After the death of Arthur Fontenot, plaintiff took a judgment in rem against the widow and heirs of Arthur Fontenot for the unpaid price of the well with recognition of lien and privilege on the aforesaid one-acre tract. And then issued execution against said one-acre tract.
Thereupon interveners opposed the execution on the ground that they are the owners of said one-acre tract and that plaintiffs had no lien thereon.
There was judgment in favor of the interveners, and plaintiff appeals. *616
And since their purchase from Stephen Fontenot, who was then the record owner of the land, was real, it is immaterial whether the sale by Arthur Fontenot to Stephen Fontenot was or was not a simulation. For parties purchasing on the faith of a recorded title have a right to rely thereon absolutely.
But in point of fact the sale by Arthur Fontenot to his son Stephen Fontenot was not a simulation. Stephen Fontenot bought all his father's property for $14,000, in payment whereof he assumed a mortgage indebtedness of $8,600, and issued his own mortgage notes for $5,400. Stephen Fontenot went into possession, paid off the $8,600, and finally sold the greater part of the land to the heirs of one Joseph Boutte, in extinguishment of the $5,400 of mortgage indebtedness which had passed into the hands of said Boutte. Of this the trial judge says: "Furthermore the deed from Arthur Fontenot to Stephen Fontenot was a real sale. Stephen Fontenot assumed the payment of a mortgage validly existing *617 against the property and executed four notes for the residue. Arthur Fontenot delivered possession to Stephen Fontenot and moved to Mamou. Stephen remained in possession of the property until he disposed of it as above stated. The court is therefore satisfied that the sale was bona fide and not simulated."

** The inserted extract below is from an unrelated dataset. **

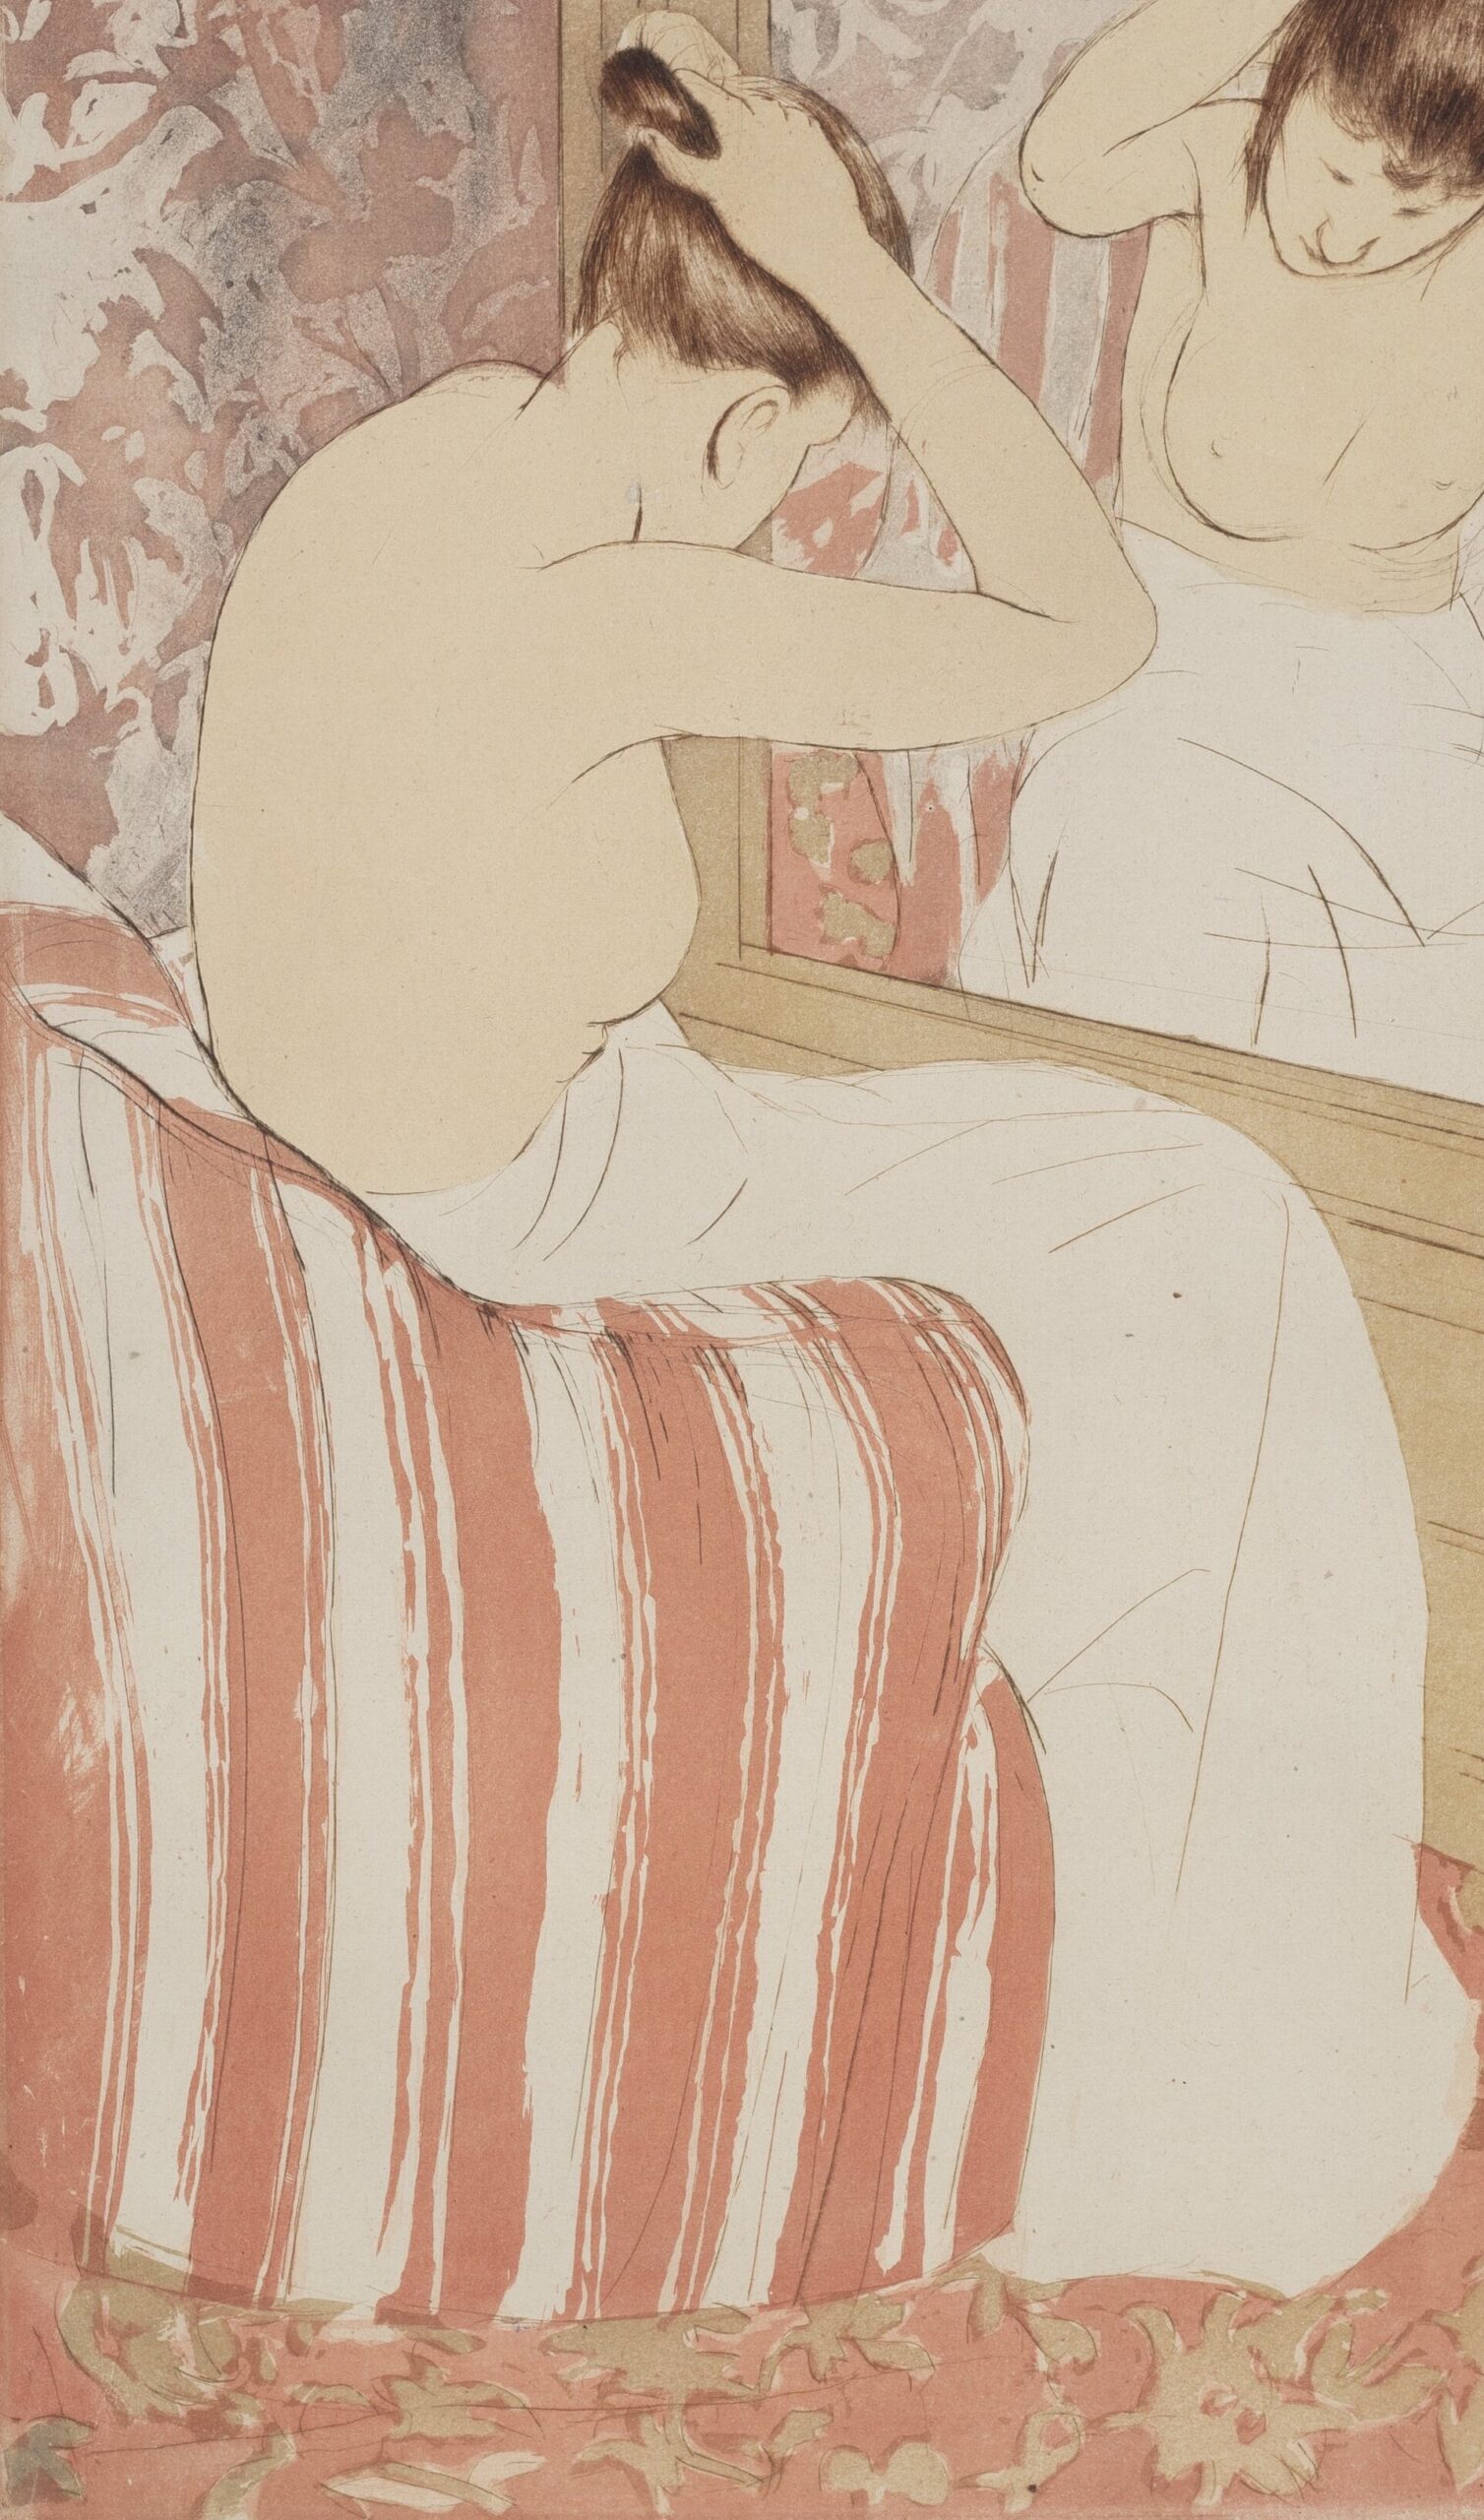 Woman (detail), Mary Cassatt, The Coiffure, 1890–91, color drypoint and aquatint on laid paper, 43.2 x 30.7 cm (National Gallery of Art, Washington, D.C.)

On this the trial judge says: The contract provides that the property to be affected is situated "3 1/4 miles from Mamou." This description covers a large area. Arthur Fontenot had other property in the same neighborhood, and one looking up the records would presume this well to be located on the large plantation of the said Fontenot in that neighborhood [and not on the one-acre lot.] The description given in the contract was too vague, too general, and too indefinite to give the proper notice to third persons; the description was no description at all. The plaintiff had to rely on evidence aliunde [to establish that the well was put on the one-acre tract], and opponents objected to the introduction of such evidence, and properly so. Plaintiffs must stand on their written contract and solely so. The law requires that the property to be affected must be fully described in the act to affect third persons. As the interveners are the owners of the property *618 seized and plaintiffs have no lien thereon, the judgment for the interveners was correct.